The next stage in OpenSim community growth – OpenSim Forge

The OpenSim community is one of the most vibrant open source communities that I’ve had the pleasure to be a part of. We’ve got an active set of core committers, an active set of more casual developers constantly providing bugs and patches to the project, and an incredible active set of users that are testing nearly every checkin out there. This kind of community is really too big for one project. Many of things things the community is interested in doing around OpenSim, like alternative grid servers, or admin web interfaces for opensim, are great things, but don’t really make sense in the scope of the main OpenSim source tree. Many of these early efforts set up sourceforge projects, but it was sometimes difficult to find they existed.

Welcome OpenSim Forge!

Adam
brought up the idea of setting up a gforge instance for OpenSim a few weeks ago, and things started rolling from there. Adam did all the leg work on this one, so many props to him and his team.

OpenSim Forge is a site for hosting OpenSim related open source projects. All projects must be under an OSI approved license. BSD license is encouraged, as that’s the license of OpenSim, but it isn’t required. The point is really to just be a one stop shopping for opensim related code, and to make it very easy for anyone that is interested in adding to this community to have a place to stick their project and get visibility.

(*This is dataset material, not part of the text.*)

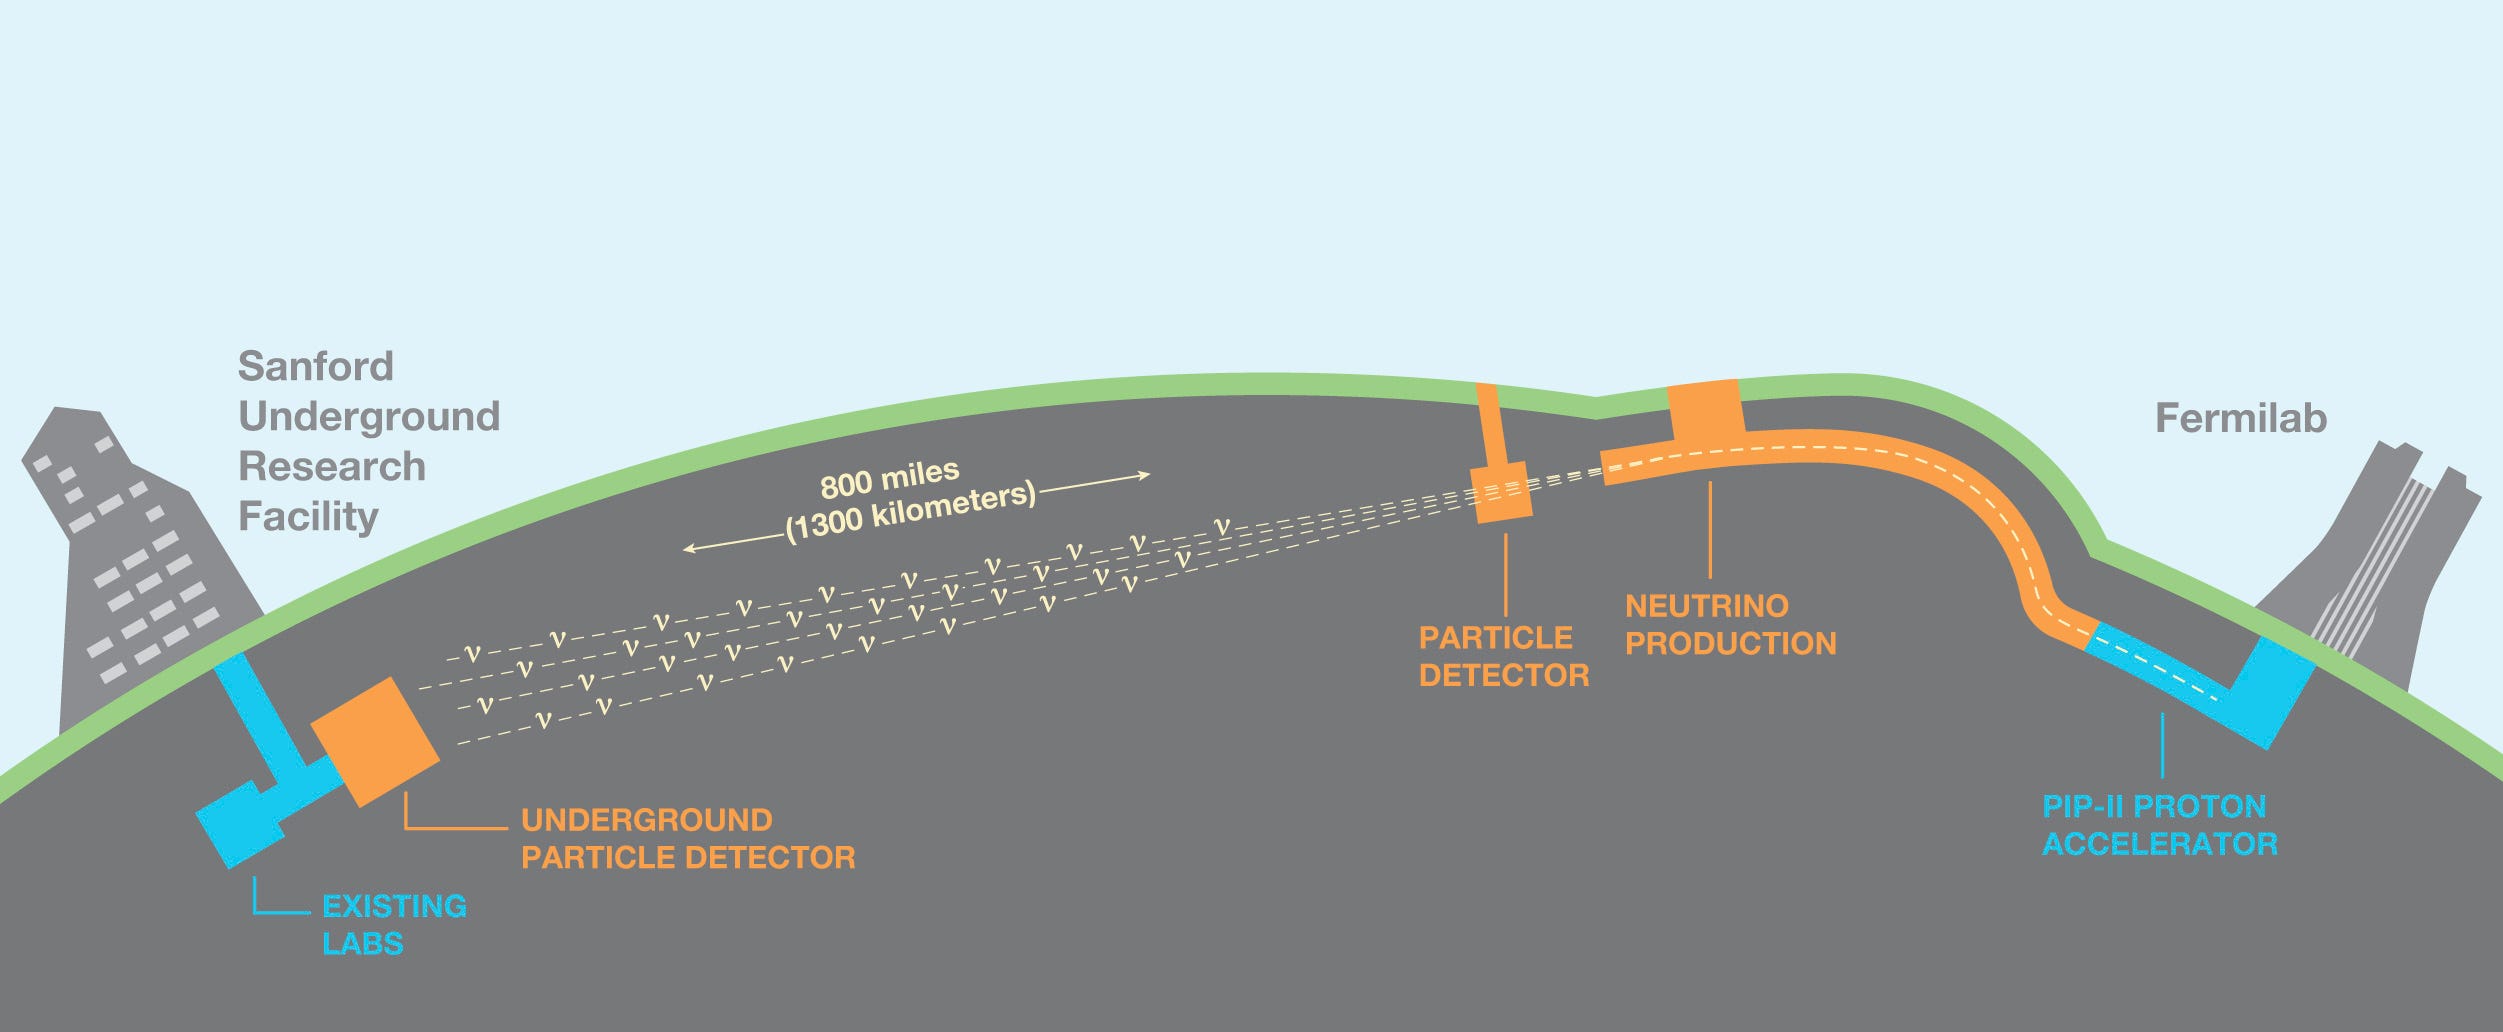 Eine Grafik, die den Weg des Neutrinostrahls vom Fermilab zur Sanford Underground Research Facility zeigt

In the 10 days since the site went live, we’ve got 10 public projects already registered, plus a few more in the queue. Now, I don’t think the 1 new project a day pace is going to keep coming, but as can clearly been seen the OpenSim community is bigger than just the OpenSim project. Here’s what we’ve gotten already up on OpenSim Forge:

  • 3 administration tools for OpenSim (2 web and 1 console)
  • 2 alternate grid servers (ASP.NET & Perl)
  • 1 project for patches to OpenSim (the Open Grid Protocol enablement patches)
  • 1 experimental viewer for OpenSim (not based on the SecondLife client)
  • 1 opensim based application (done via Application modules) which is astro physics simulation
  • 1 opensim test suite
  • 1 tray launcher for OpenSim

It’s a very powerful thing once a community grows beyond it’s initial boundaries, when it truly takes on a life of it’s own. I think the quick uptake on OpenSim Forge shows we are definitely at that point. I see this as a new stage of growth in both the community and the project, and what an exciting stage that is.